Scenario

anaanike
anaanike Registered Posts: 7

I want to build a dataset on a monthly basis, but I want to save each result (the built dataset) separately in a folder. How do I do it? I do not want to append the data. Each built dataset month-on-month should be saved in separate datasets.

Best Answer

Answers

  • Turribeach
    Turribeach Dataiku DSS Core Designer, Neuron, Dataiku DSS Adv Designer, Registered, Neuron 2023 Posts: 2,160 Neuron

    The Export to folder visual recipe (under Other Recipes) can export a dataset to a number of file formats including CSV to a Dataiku Managed Folder. However I don't believe you will be able to customise the name of the file which will be based on the input dataset to export and this means it will always overwrite the output file name. For a more complete solution you will need to use a Python recipe which outputs to a managed folder.

  • anaanike
    anaanike Registered Posts: 7

    Thank you for suggesting this. Let me try and get back to you. As I am new to Scenario building, I have a follow-up question. If I am building the final dataset and including only that dataset to build in the step of Scenario, will Dataiku automatically run downstream related recipes prior to that dataset?
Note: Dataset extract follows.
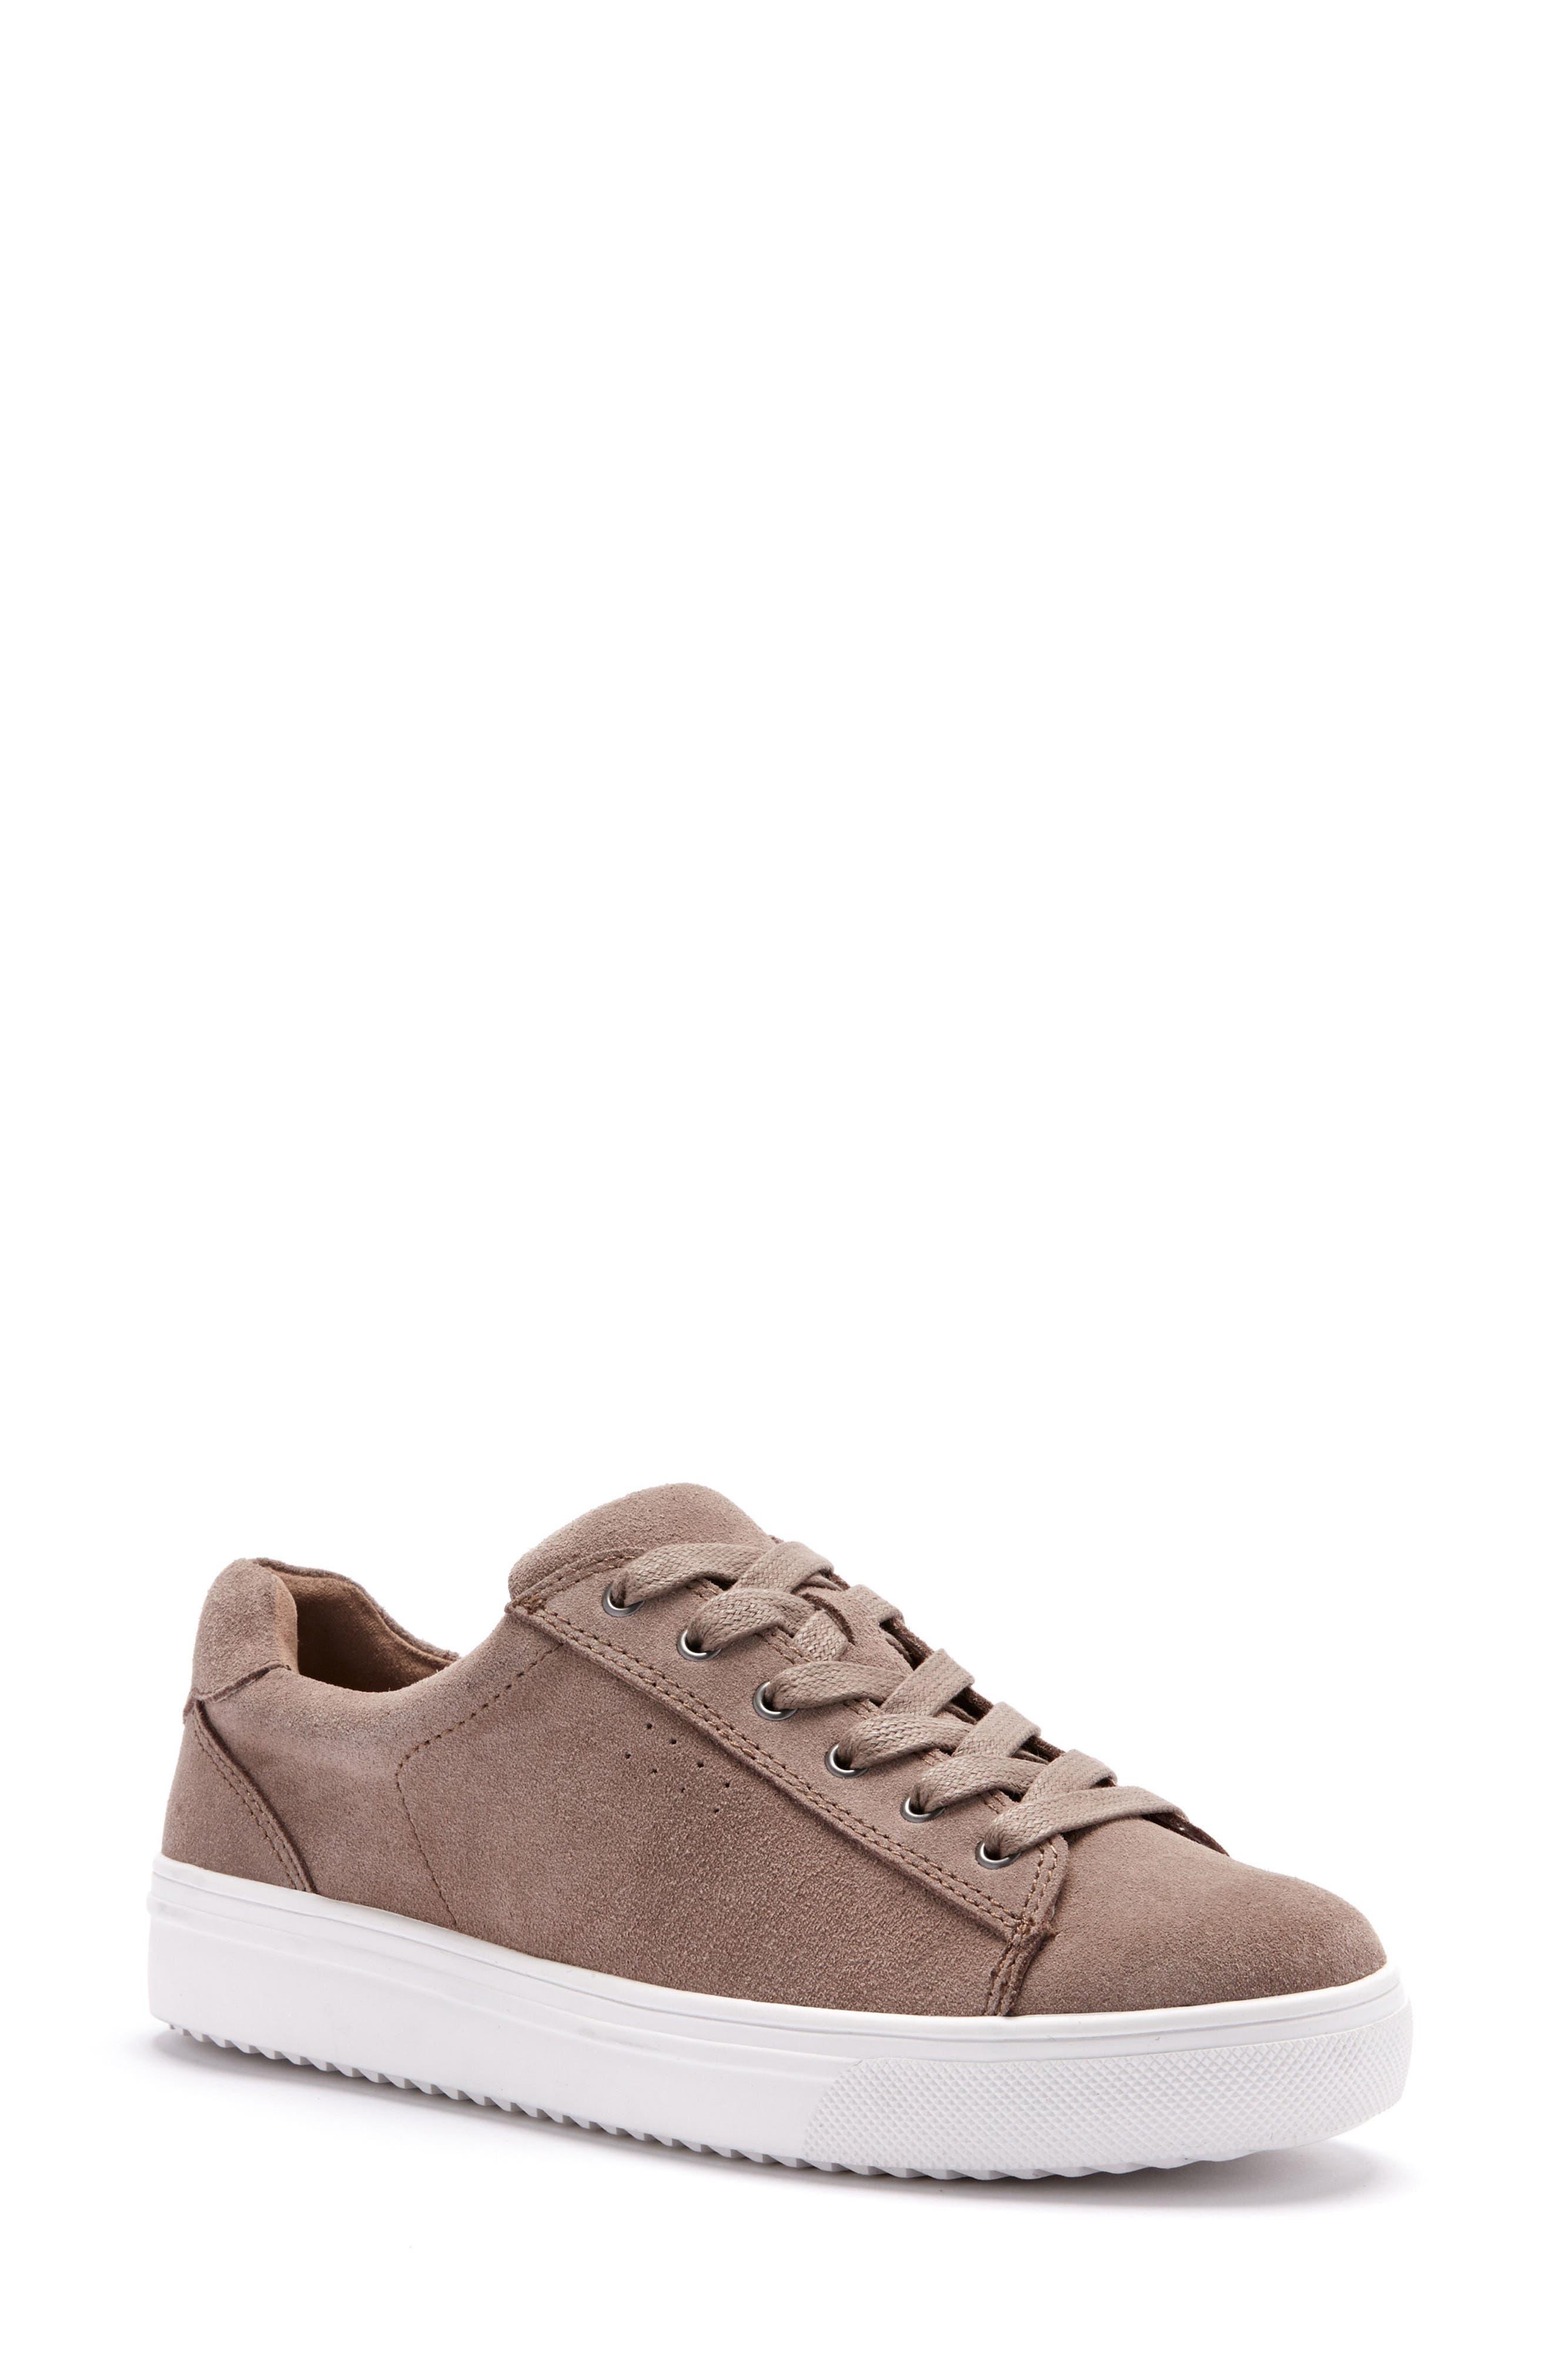 Blondo Jayden Waterproof Sneaker (Women)
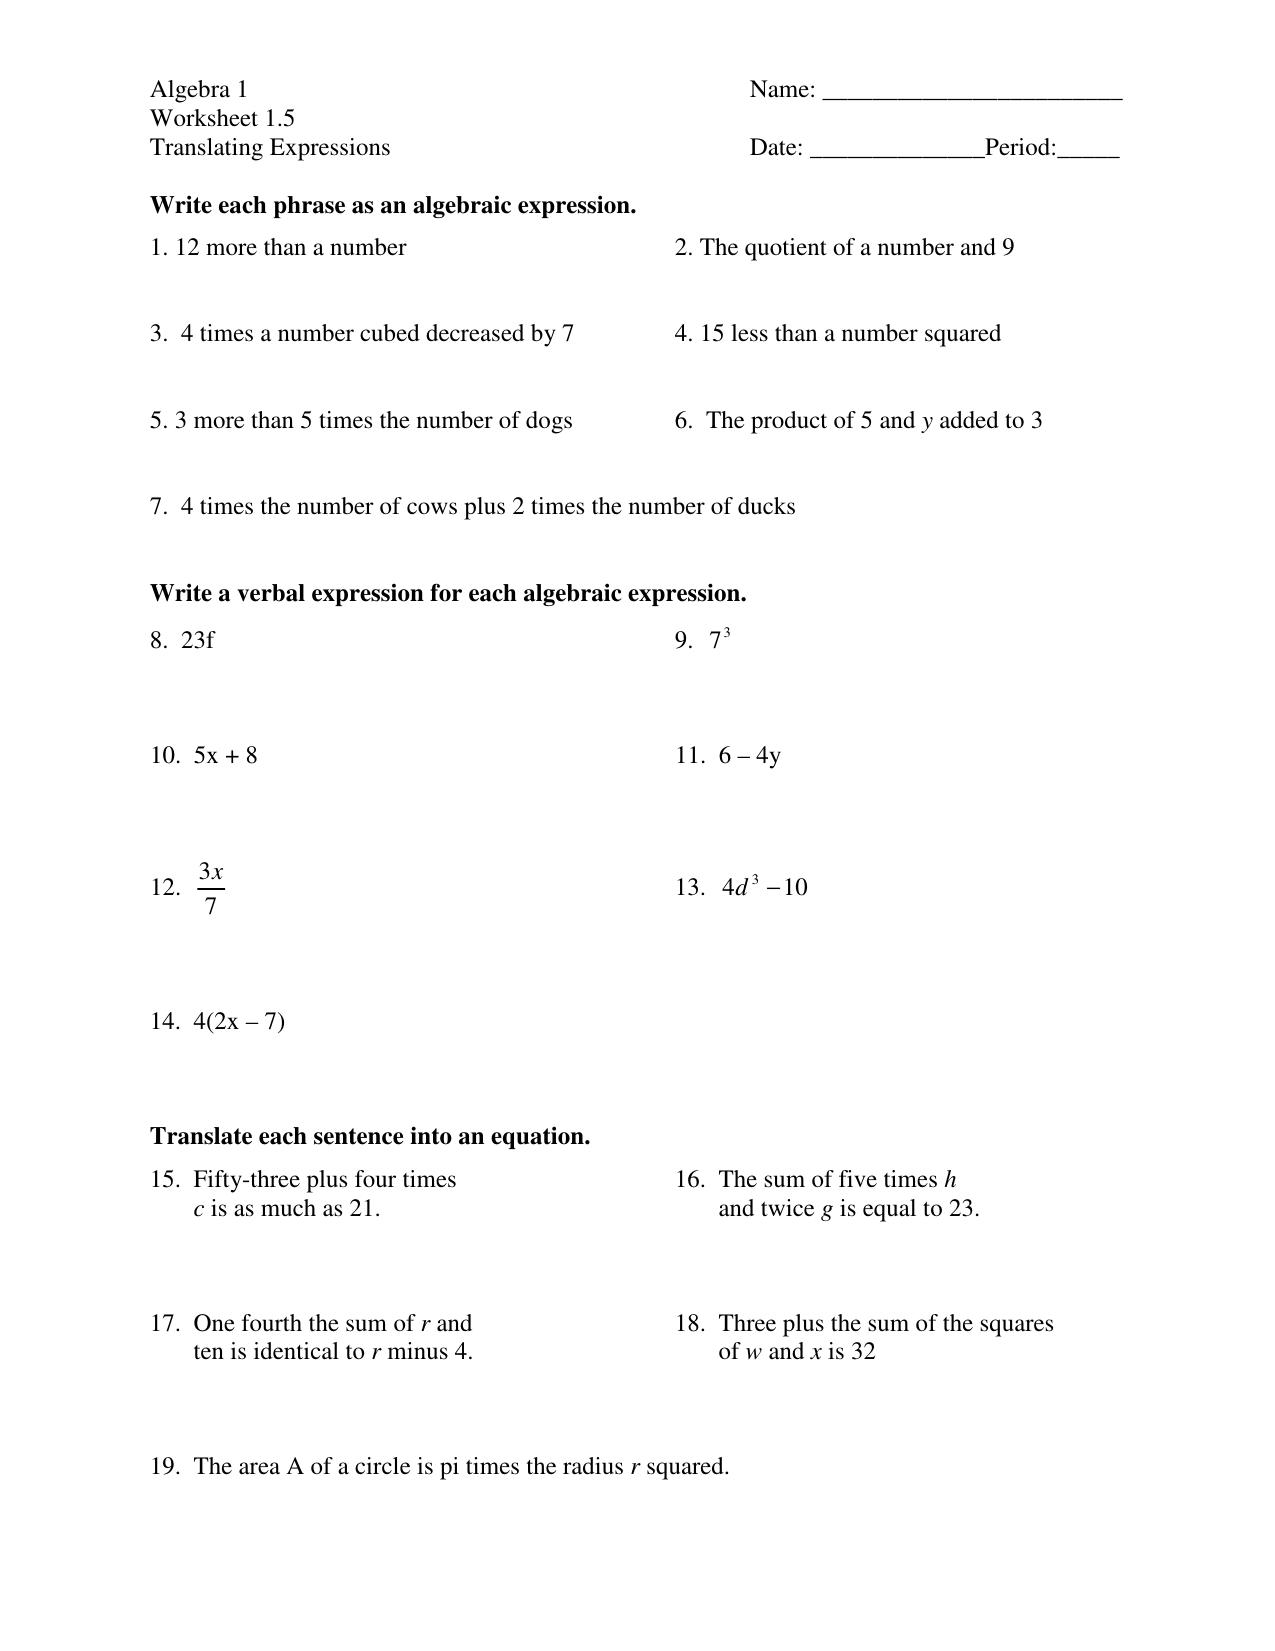 Algebra 1 Worksheet 15 Translating Expressions

If not, how do I ensure the same?

  • Turribeach
    Turribeach Dataiku DSS Core Designer, Neuron, Dataiku DSS Adv Designer, Registered, Neuron 2023 Posts: 2,160 Neuron

    When you add datasets to be build in the scenario step you can select if you want a recursive build or just that dataset.

  • anaanike
    anaanike Registered Posts: 7

    When I am writing the python script so that data is exported, I am getting the following error: ImportError: cannot import name 'DSSClient'

    Python Script being used is:

    import datetime
    from dataikuapi.dss import DSSClient

    # Connect to Dataiku DSS
    client = DSSClient("https://***********.merck.com", "*****************8xrKg3tuejZwdQISmj")

    # Get the project
    project = client.get_project("DIAGNOSTIC_STATS")

    # Get the dataset
    dataset = project.get_dataset("COHORT_PTNTS_Scenario")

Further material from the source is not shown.